If that’s something that makes sense for the project, I would love to explore the topic and contribute. I would appreciate some feedback and guidance on this (should I open a new issue?)

Thanks

B0go on May 15, 2023

@bwplotka I’d like to revisit this issue, if you have a moment. We have a very simple stack set up using this docker-compose configuration. It has:

One Prometheus instance
One Grafana instance
One Thanos sidecar
One Thanos store server
One Thanos query server
Object storage in OpenStack

After running for just a couple of days, we’re running into the “error executing compaction: compaction failed: compaction failed for group …: pre compaction overlap check: overlaps found while gathering blocks.” error.

The troubleshooting documents suggests the following reasons for this error:

Misconfiguraiton of sidecar/ruler: Same external labels or no external labels across many block producers.

We only have a single sidecar (and no ruler).
Running multiple compactors for single block “stream”, even for short duration.

We only have a single compactor.
Manually uploading blocks to the bucket.

This never happened.
Eventually consistent block storage until we fully implement RW for bucket

I’m not entirely sure what this is suggesting.

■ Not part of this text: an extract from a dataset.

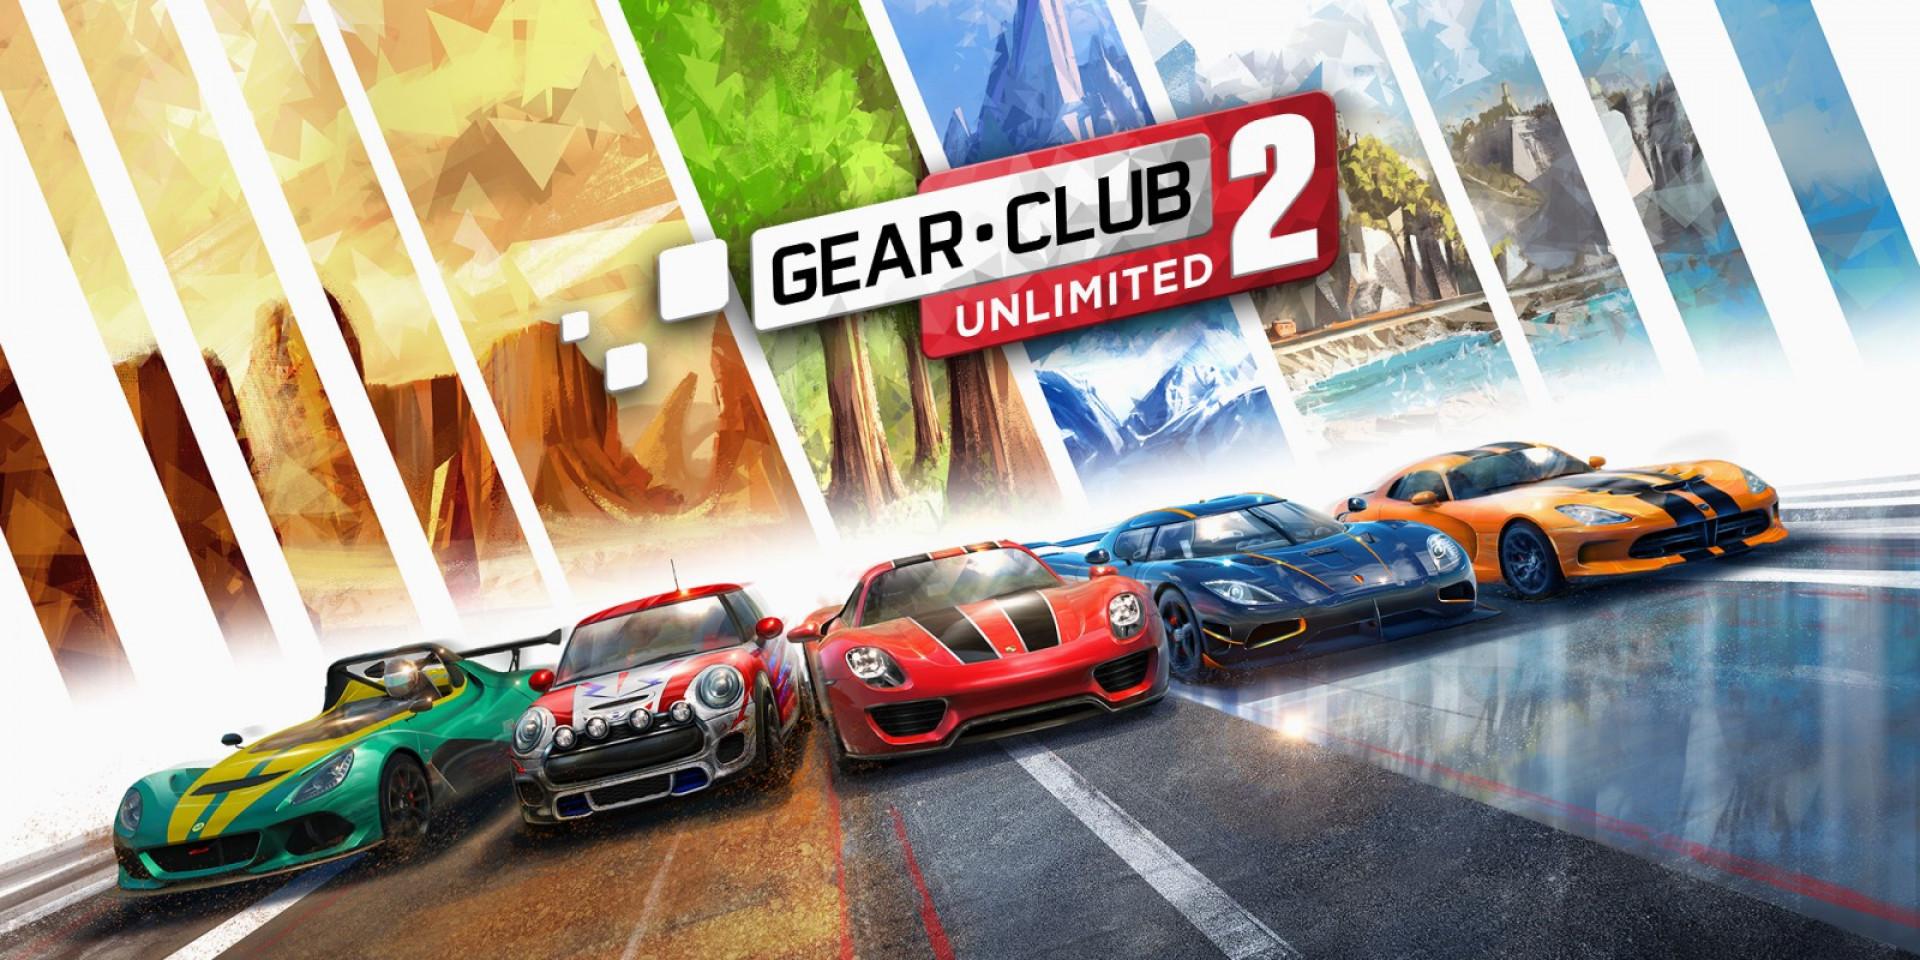 gear-club.jpg
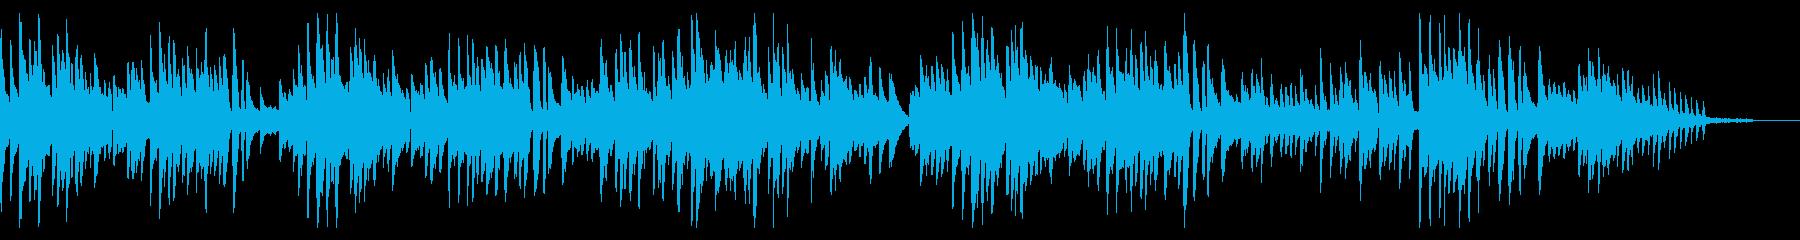 卒業式っぽいピアノソロ曲の再生済みの波形

Given only a single producer of information and a single bucket for storage, I’m not sure how eventual consistency could be a problem.

If you have a minute (or @daixiang0 or someone else) I would appreciate some insight into what could be causing this problem.

We’re running:

$ docker-compose exec thanos_store thanos --version
thanos, version 0.12.0-dev (branch: master, revision: d18e1aec64ca3de143930a87d60bc52fe733e682)
  build user:       circleci@db15d248cc4d
  build date:       20200304-16:25:49
  go version:       go1.13.1

With:

$ docker-compose exec prom_main prometheus --version
prometheus, version 2.16.0 (branch: HEAD, revision: b90be6f32a33c03163d700e1452b54454ddce0ec)
  build user:       root@7ea0ae865f12
  build date:       20200213-23:50:02
  go version:       go1.13.8

larsks on Apr 8, 2020